# [WHAT THE EXERCISE ASKS]
What is needed is an exact copy of the data below, pictures excluded.
*** INPUT DATA ***
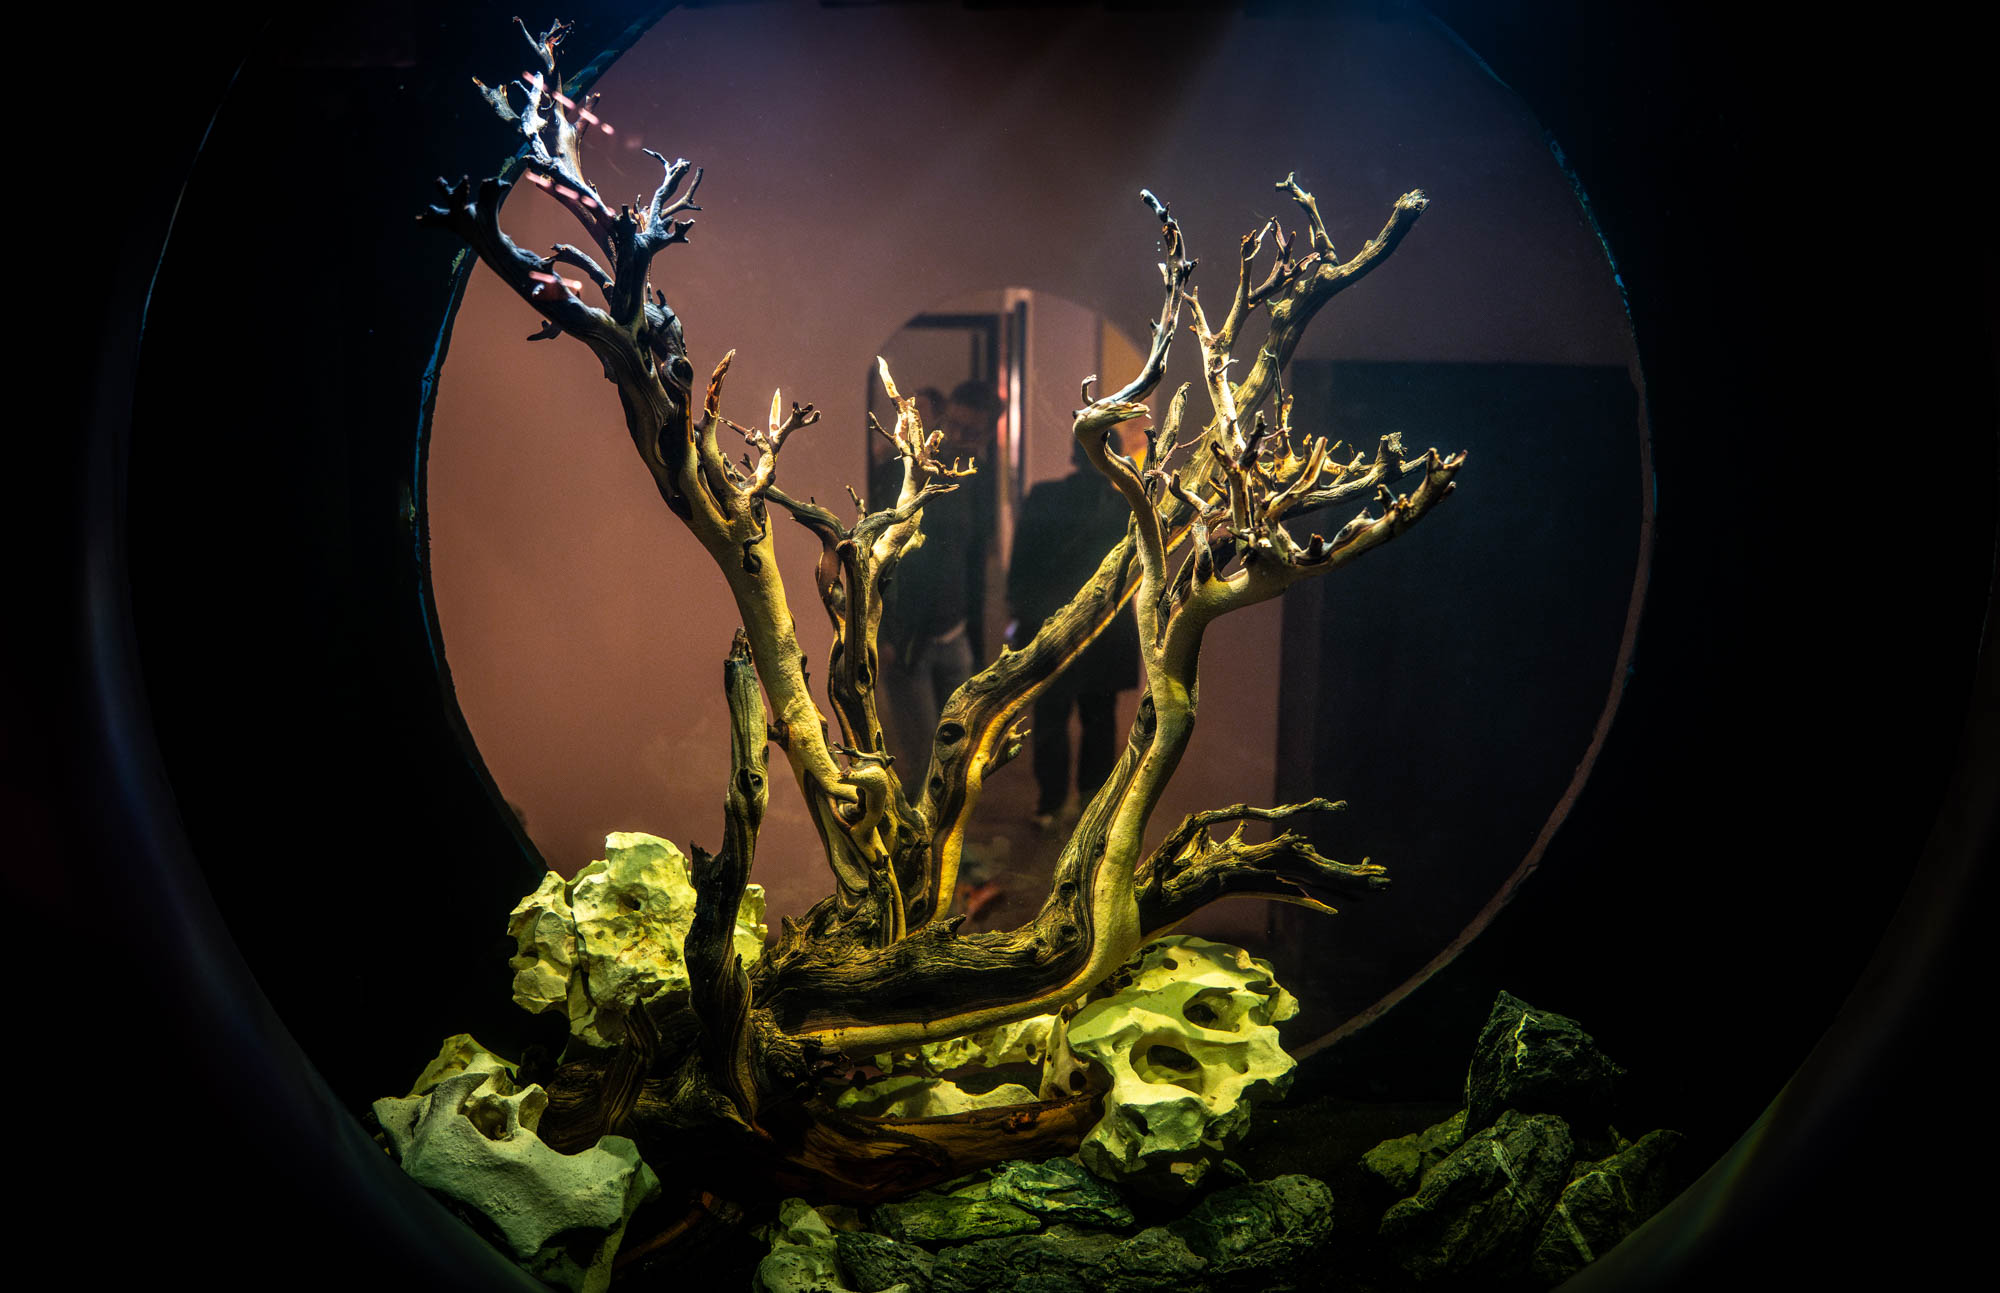 An art piece made of wood and rocks inside an aquarium-like tank
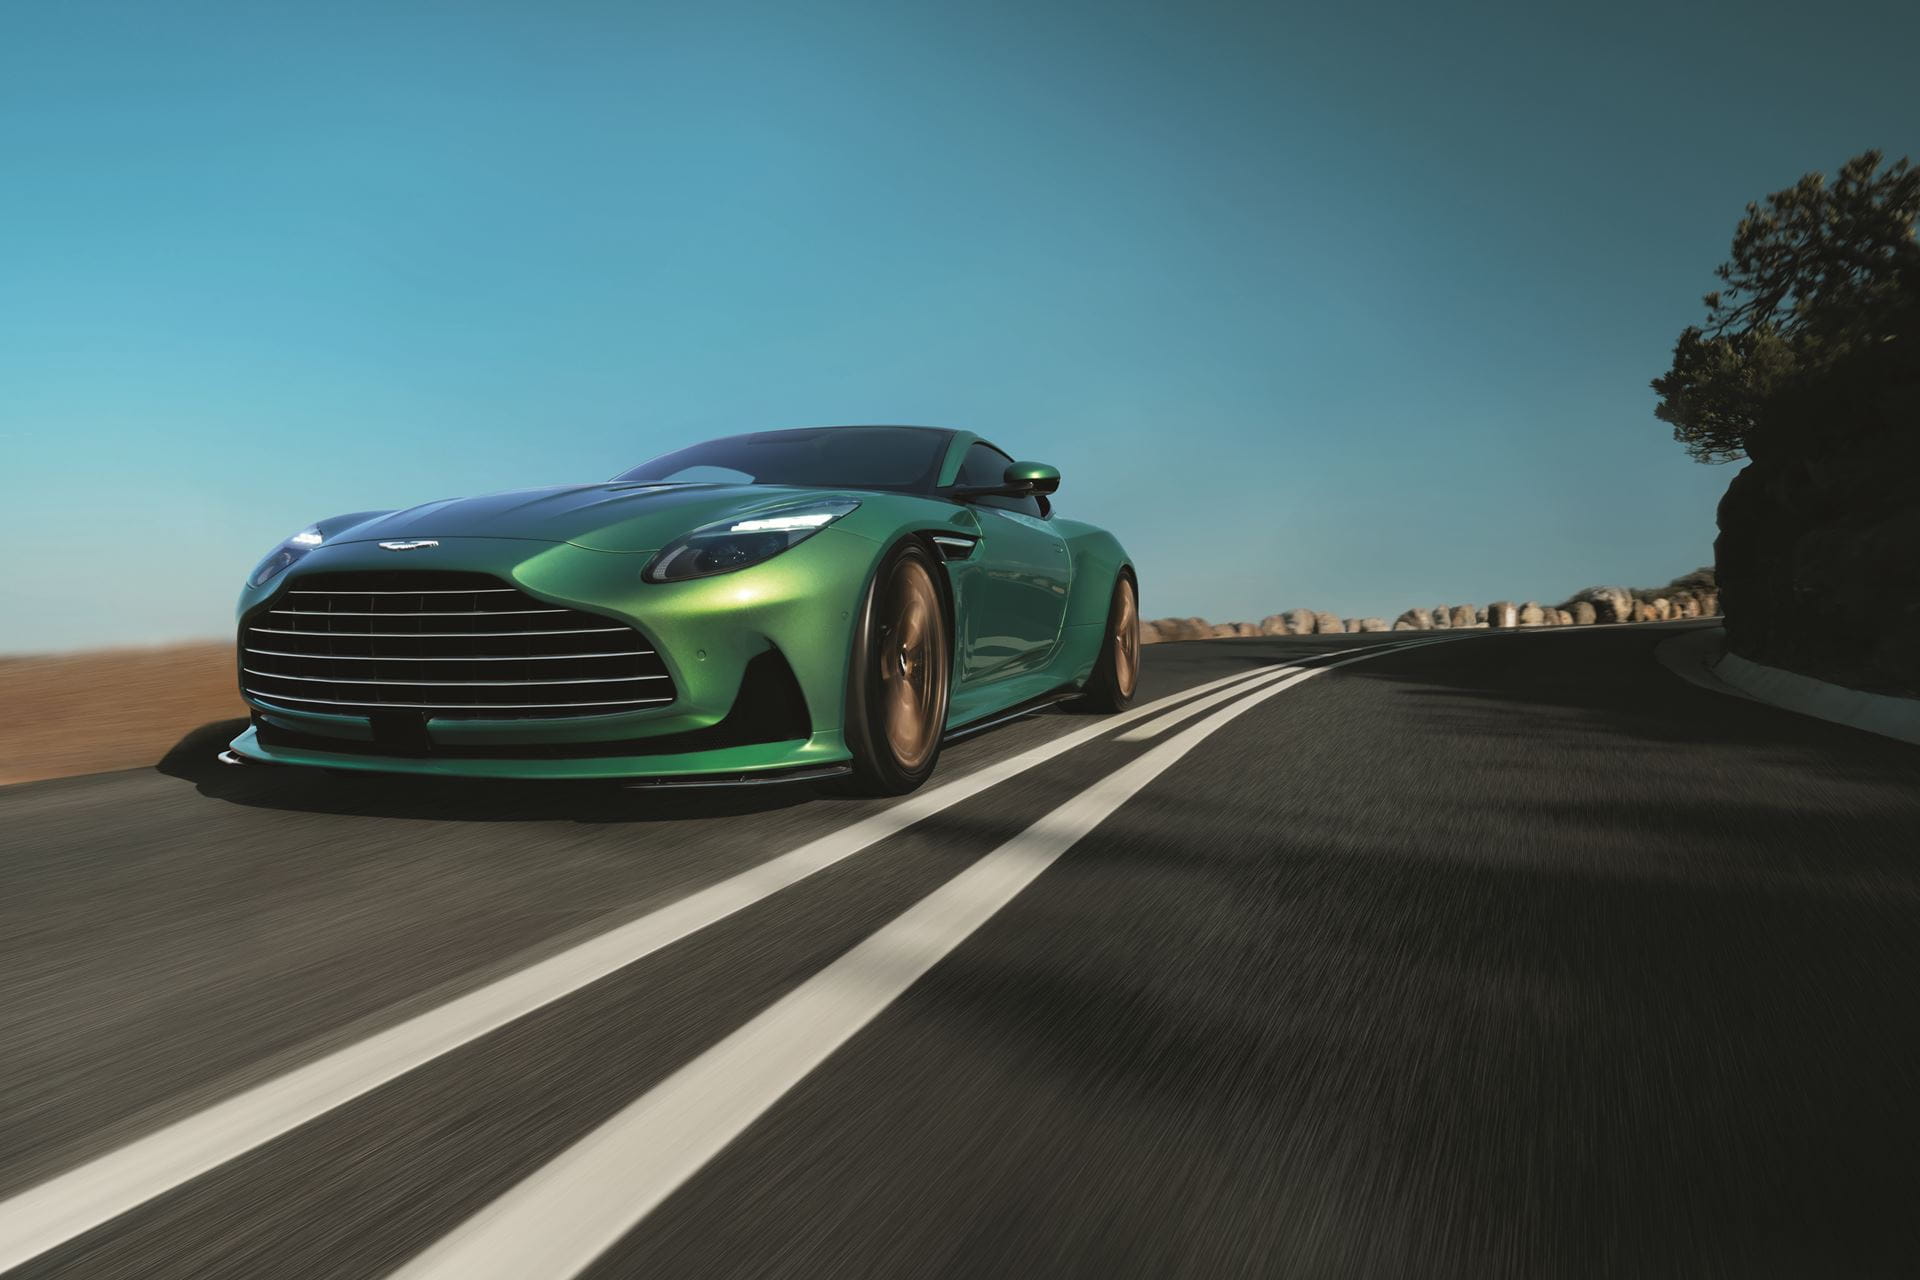 Aston Martin celebrates with stunning open-cockpit concept
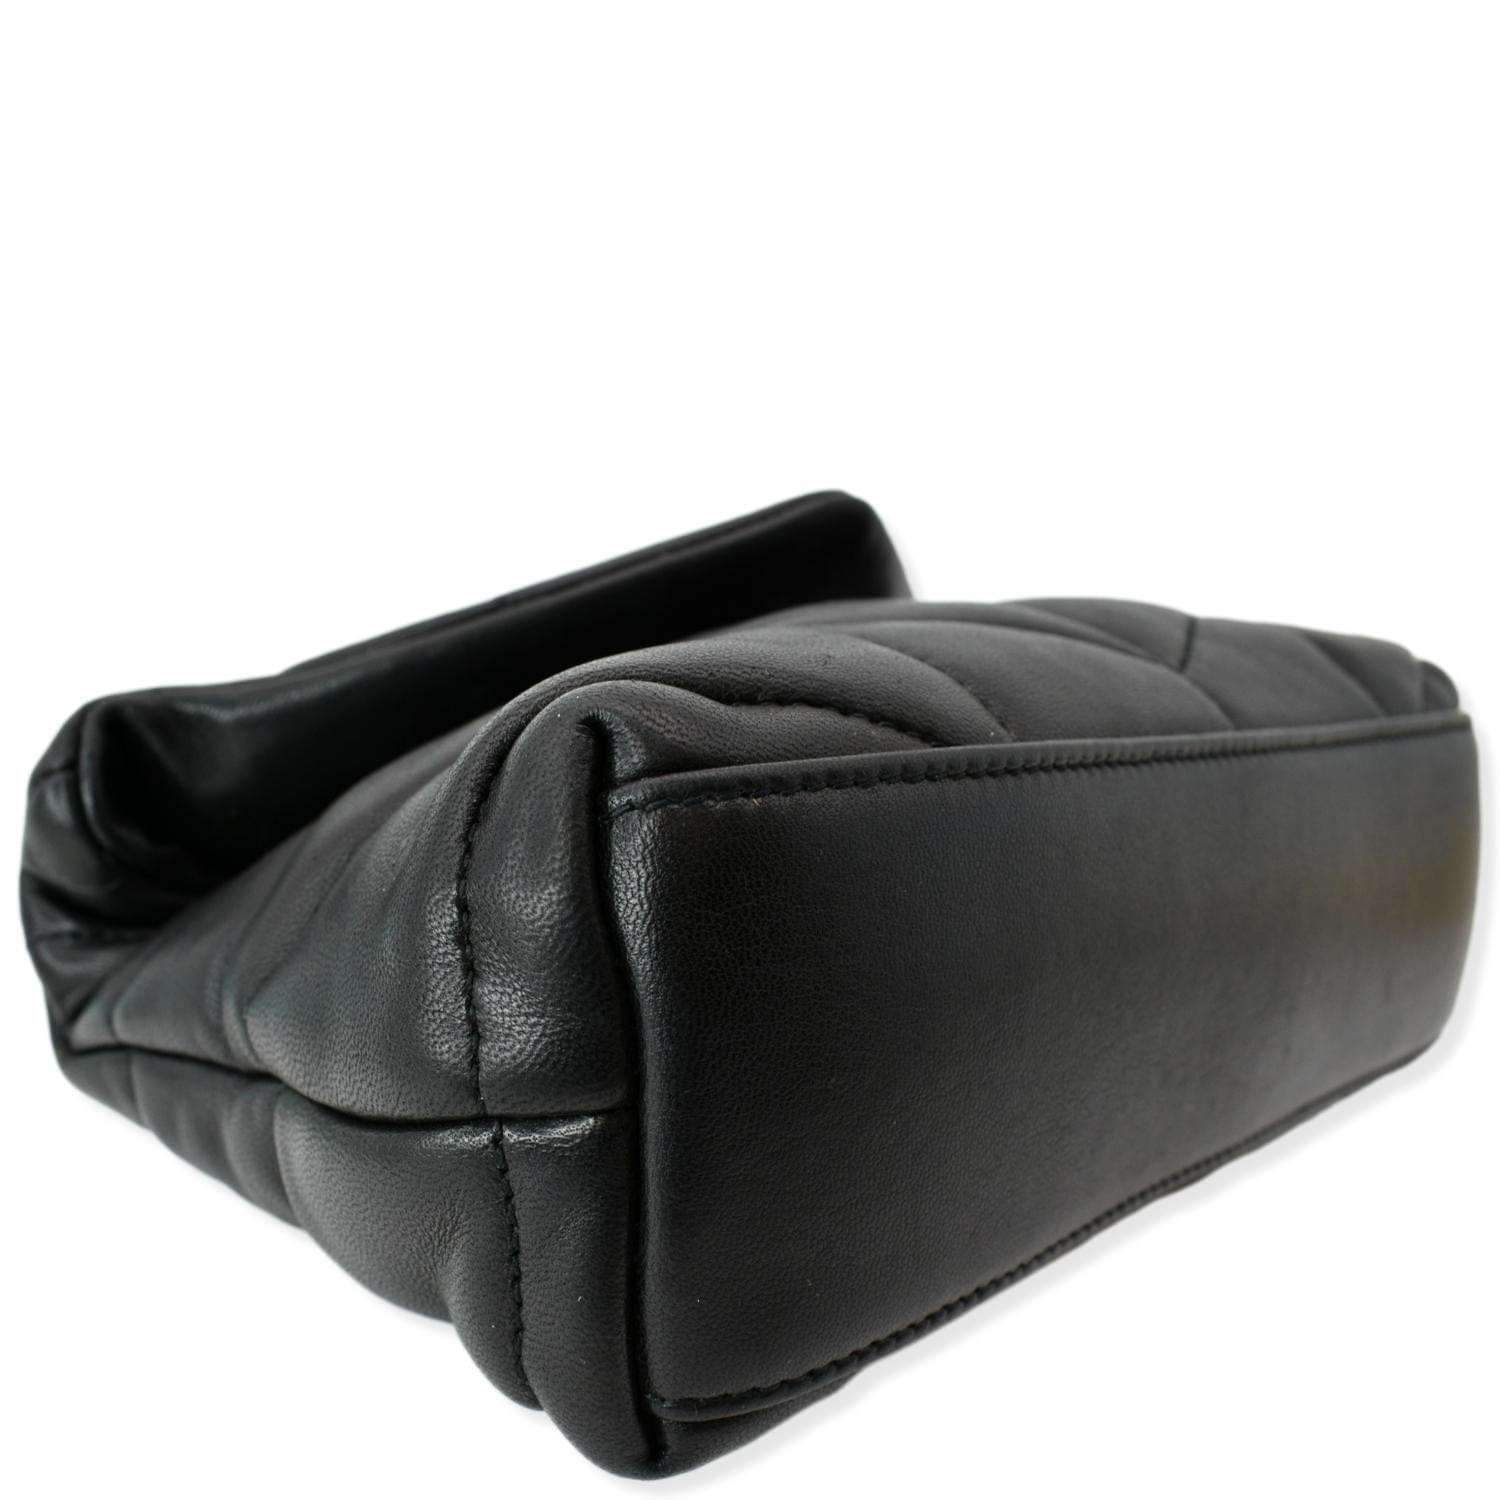 Loulou Puffer Mini Genuine Leather Crossbody Bag Black Super Soft
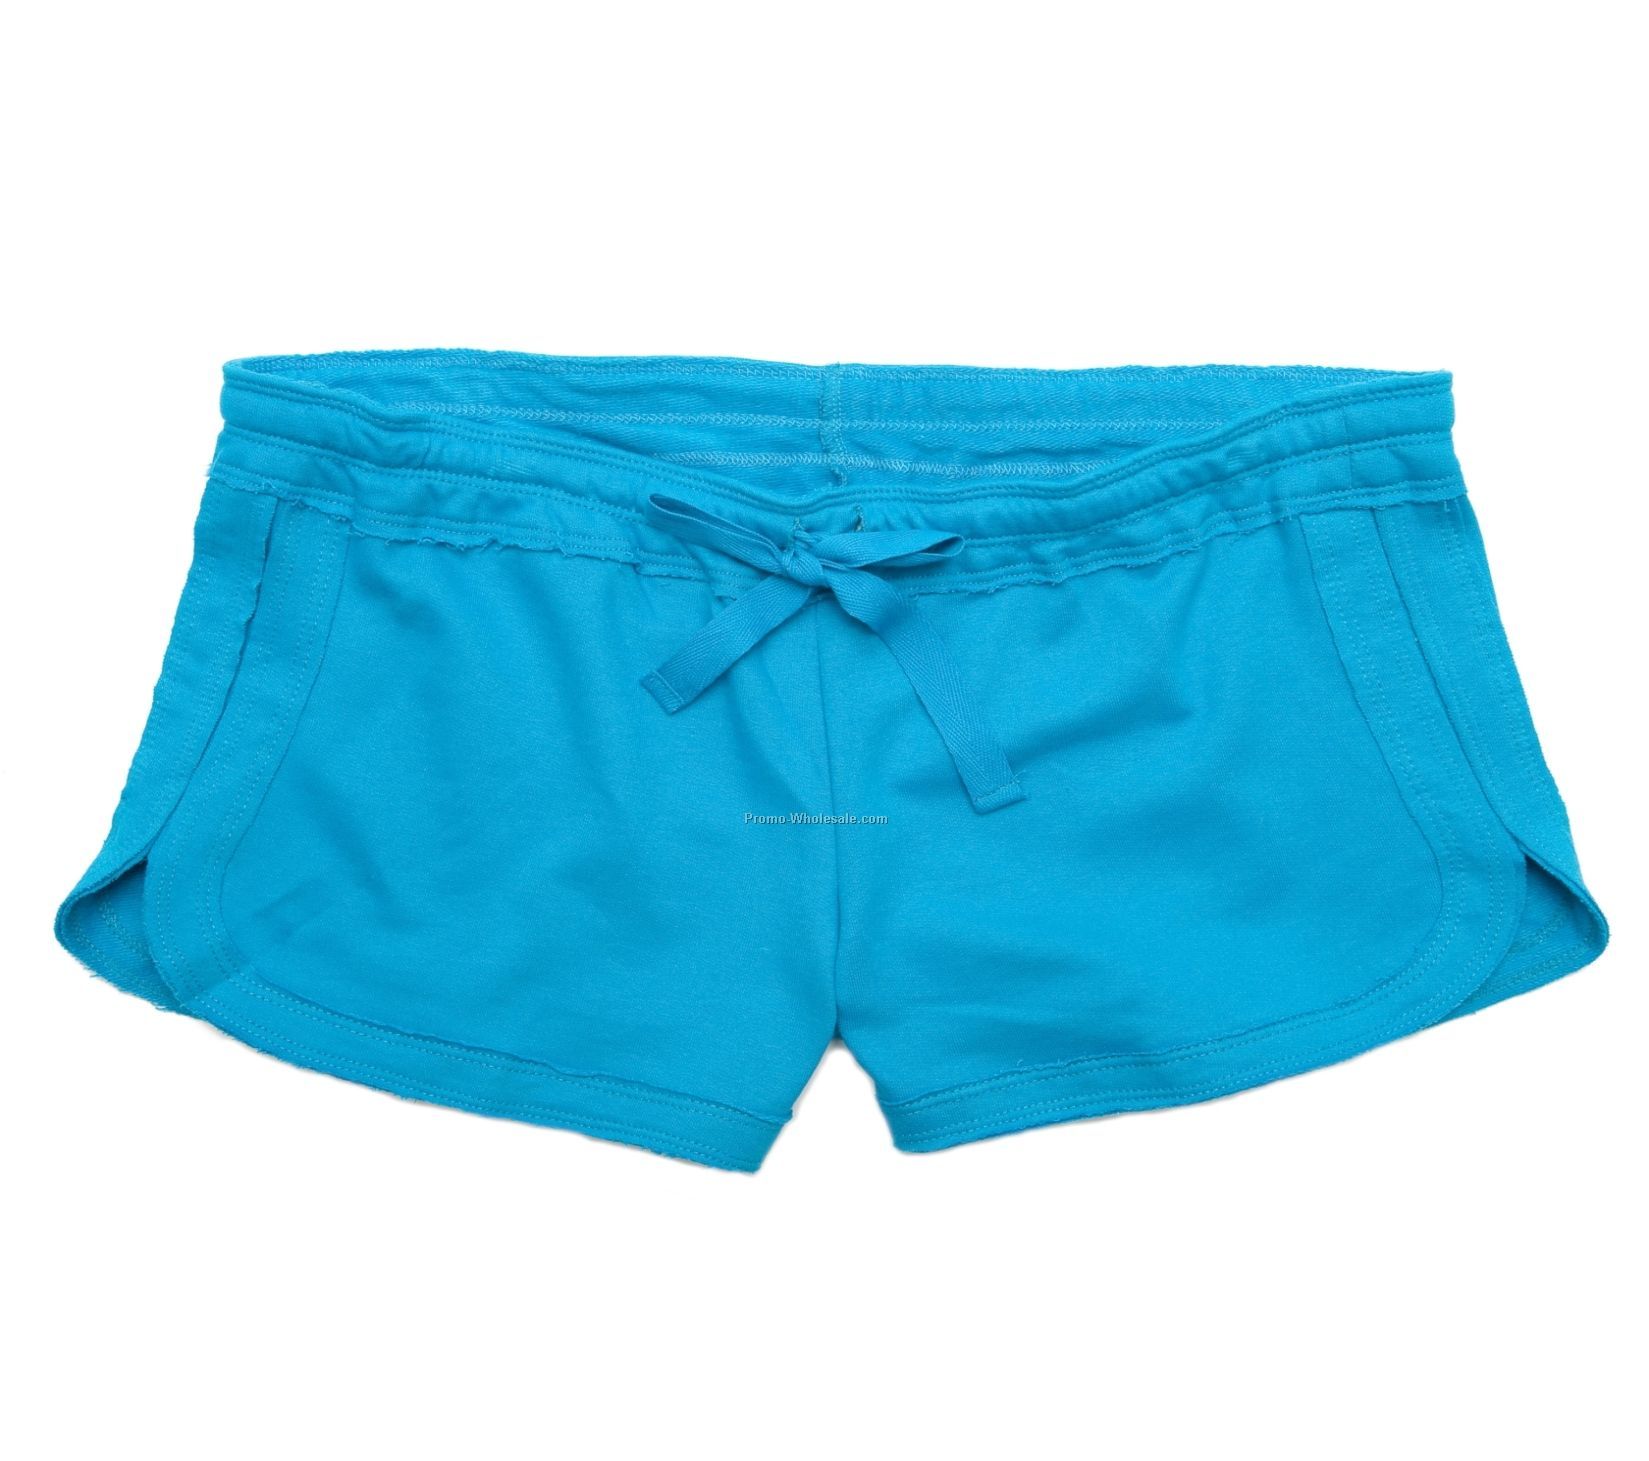 Adult Turquoise Chrissy Shorts (Xs-xl)
***
# [YOUR SOLUTION]
 An art piece made of wood and rocks inside an aquarium-like tank
 Aston Martin celebrates with stunning open-cockpit concept
 Loulou Puffer Mini Genuine Leather Crossbody Bag Black Super Soft
 Adult Turquoise Chrissy Shorts (Xs-xl)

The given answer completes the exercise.